Drug sensitivity profiles were evaluated by estimating the half-maximal inhibitory concentration (IC₅₀) for 73 compounds from the GDSC database. Significant differential sensitivity emerged between risk groups, with high-risk patients presenting an enhanced response to all compounds (Fig. 10). The top 9 prioritized agents showing the greatest differential efficacies are presented in Fig. 10.

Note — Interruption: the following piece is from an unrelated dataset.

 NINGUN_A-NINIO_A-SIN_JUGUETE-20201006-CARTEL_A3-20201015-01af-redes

Differential expression of the four signature lncRNAs was quantified in LUAD (A549) and BEAS-2B cell lines using RT-qPCR. The expression of AC026355.2, AP000695.1 and AP005137.2 was significantly greater in A549 cells than in BEAS-2B cells (P<0.05), whereas ARHGEF26-AS1 expression was significantly lower (P=0.035) (Fig. S4). This experimental validation demonstrates directional concordance with prior bioinformatic analyses.

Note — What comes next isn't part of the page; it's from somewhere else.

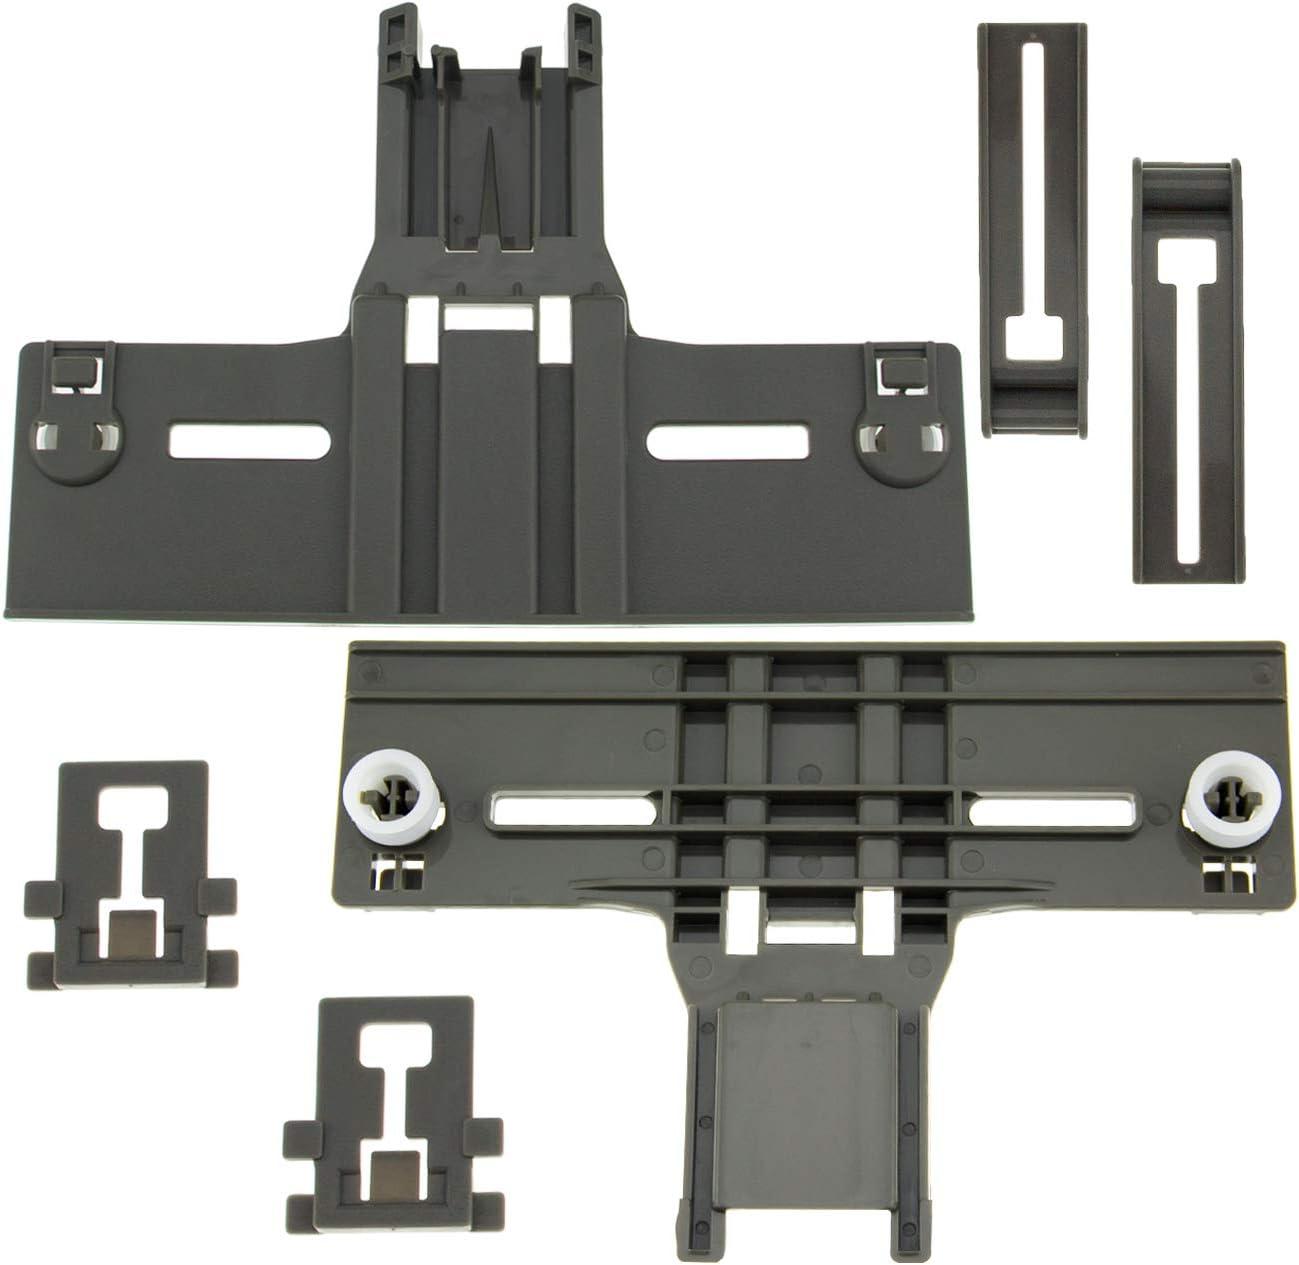 W10350376 Dishwasher Top Rack Adjuster & W10195839 Dishwasher Rack Adjuster & W10195840 Dishwasher Positioner Fit For Whirlpool Dishwasher

The present study has several limitations. First, the retrospective design of the TCGA analysis may introduce selection bias. Although internally validated, the present signature requires confirmation in a fully independent cohort, a challenge compounded by scarce annotation of these lncRNAs in public LUAD datasets. Second, the in vitro validation of the signature was limited to a single LUAD cell line (A549). Although these experiments provided preliminary support for the differential expression of the identified cuproptosis-related lncRNAs, the reliance on one cellular model restricts the generalizability of the currnet findings. To address this, future work will incorporate additional LUAD cell lines with diverse genetic backgrounds as well as primary patient-derived tissues to comprehensively validate the prognostic and therapeutic relevance of the signature. Third, the unknown subcellular localization of these lncRNAs hinders mechanistic insight. To address these issues, the authors plan to validate the signature in a prospective cohort of 200 immunotherapy-treated patients with LUAD; map lncRNA spatial expression via RNA fluorescence in situ hybridization; interrogate functions using CRISPRi under copper stress (with DLAT aggregation monitoring) and FRET-based copper flux assays; and evaluate ASO-based targeting in PDX models, including synergy testing with copper ionophores. Preliminary functional studies are underway, including CRISPRi knockdowns in copper-stressed A549 cells, copper flux assays and RNA pulldown/mass spectrometry to identify interactors (for example, FDX1 and DLAT). These will be fully reported in a subsequent mechanistic manuscript. Additionally, while internal validation showed robust performance, a slight AUC decrease in a preliminary Gene Expression Omnibus cohort (0.712 vs. 0.761) highlights the need for external validation. Further validation in prospective immunotherapy cohorts (for example, IMpower150) are strongly endorsed and these efforts are pursued.

To conclude, the present study establishes a computationally validated 4-lncRNA signature that stratifies patients with LUAD into distinct risk groups with different survival outcomes (OS, DSS and DFI) and predicts immunotherapy response. While the signature shows promise as a prognostic biomarker, its clinical utility requires prospective validation in immunotherapy-treated cohorts.